The American Geriatrics Society 2012 Beers Criteria was used to identify PIMs with a recommendation to avoid, regardless of patients’ comorbidities. We included as PIMs those medications where the recommendation to avoid was strong and the quality of evidence was classified as moderate or high, also taking into account exposure to drugs above recommended maximum daily dose.25 Table S1 lists the PIMs meeting these criteria.
Frailty
The frailty index (FI) was calculated using a well described methodology,26 based on accumulated health deficits such as symptoms, signs, disabilities, and diseases measured in the interRAI Home Care assessment. Disability in ADL and IADL, impairments in general cognition and mobility, number of comorbidities, incontinence, and depressed mood were included as deficits. For each patient, deficits were added and divided by the total counted, here 57, to calculate an individual index score.
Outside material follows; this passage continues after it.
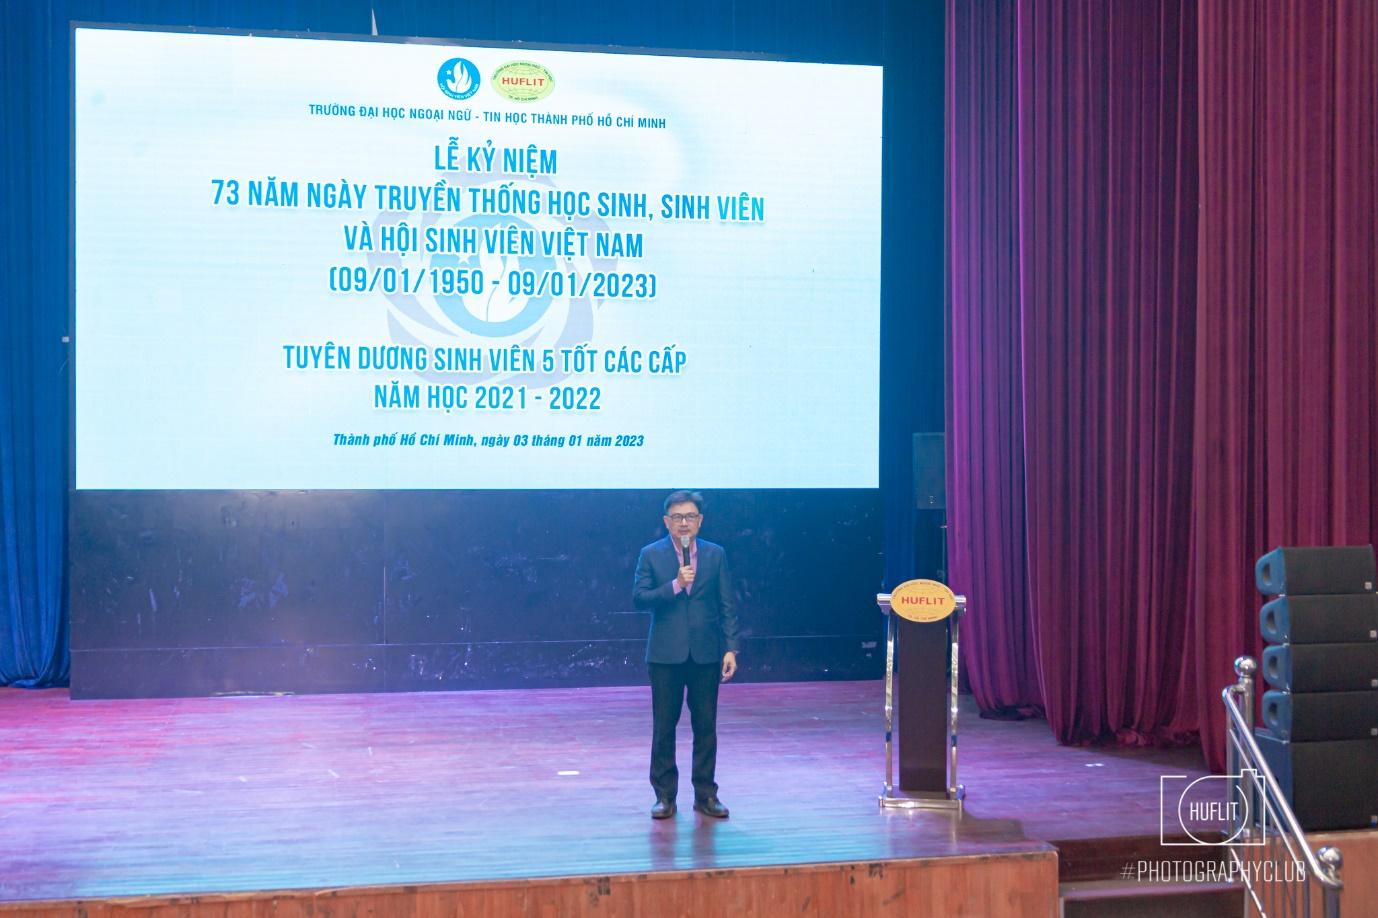 Thầy Nguyễn Anh Tuấn - Bí thư Đảng ủy, Hiệu trưởng HUFLIT phát biểu chúc mừng các gương sinh viên 5 tốt các cấp

Polypharmacy was excluded from the deficit count. The higher the score, the greater the number of deficits, and the more likely the patient is to be frail. In community-dwelling older people, 0.25 has been proposed as the cutoff between “fit” and “frail,” with scores of >0.40 associated with dependence on others for activities of daily living.27
Analysis
To describe characteristics across polypharmacy groups, comparison of means (analysis of variance) or medians (Kruskal–Wallis test) for continuous variables was used, depending on distribution of the data. For categorical variables, chi-square or Fisher’s exact test (where cell numbers are less than five) was performed. An exploratory analysis using logistic regression models tested the association between polypharmacy, frailty status, and functional outcomes. For the purpose of interpreting odds ratios, FI was multiplied by 10 so that the per-unit change was 0.1.8 Patients with missing data were excluded from the relevant analysis, and percentages were reported as proportions of patients with available data. Significance level was set at P-value of <0.05. The SPSS IBM version 22 was used for analysis.
Results
Of the 351 TCP clients enrolled in the study, four cases had missing medication data. The remaining 347 cases were included in the analysis. The mean age (standard deviation [SD]) was 78.9 (±8.8) years, and 65.7% were females. The majority of patients discharged to the TCP needed ongoing support after hospitalization for orthopedic conditions (50.7%), including fractures (37.5%), medical conditions resulting in deconditioning (23.6%), and stroke (14.6%). The median length of stay in the TCP was 54 days (interquartile range 37–73 days).
The number of regular medications taken ranged from 0 to 24, with a mean (SD) of 8.5 (±3.6). For “as needed” pro re nata (PRN) medications, the mean (SD) was 0.8 (±1.1). Only 14.1% of patients took <5 regular medications (non-polypharmacy). Polypharmacy (5–9 drugs) was observed in 46.7% and hyperpolypharmacy (≥10 drugs) in 39.2%. The majority in the hyperpolypharmacy group (n=131; 96.3%) were taking between 10 and 15 regular medications, with five taking more than 15 regular medications.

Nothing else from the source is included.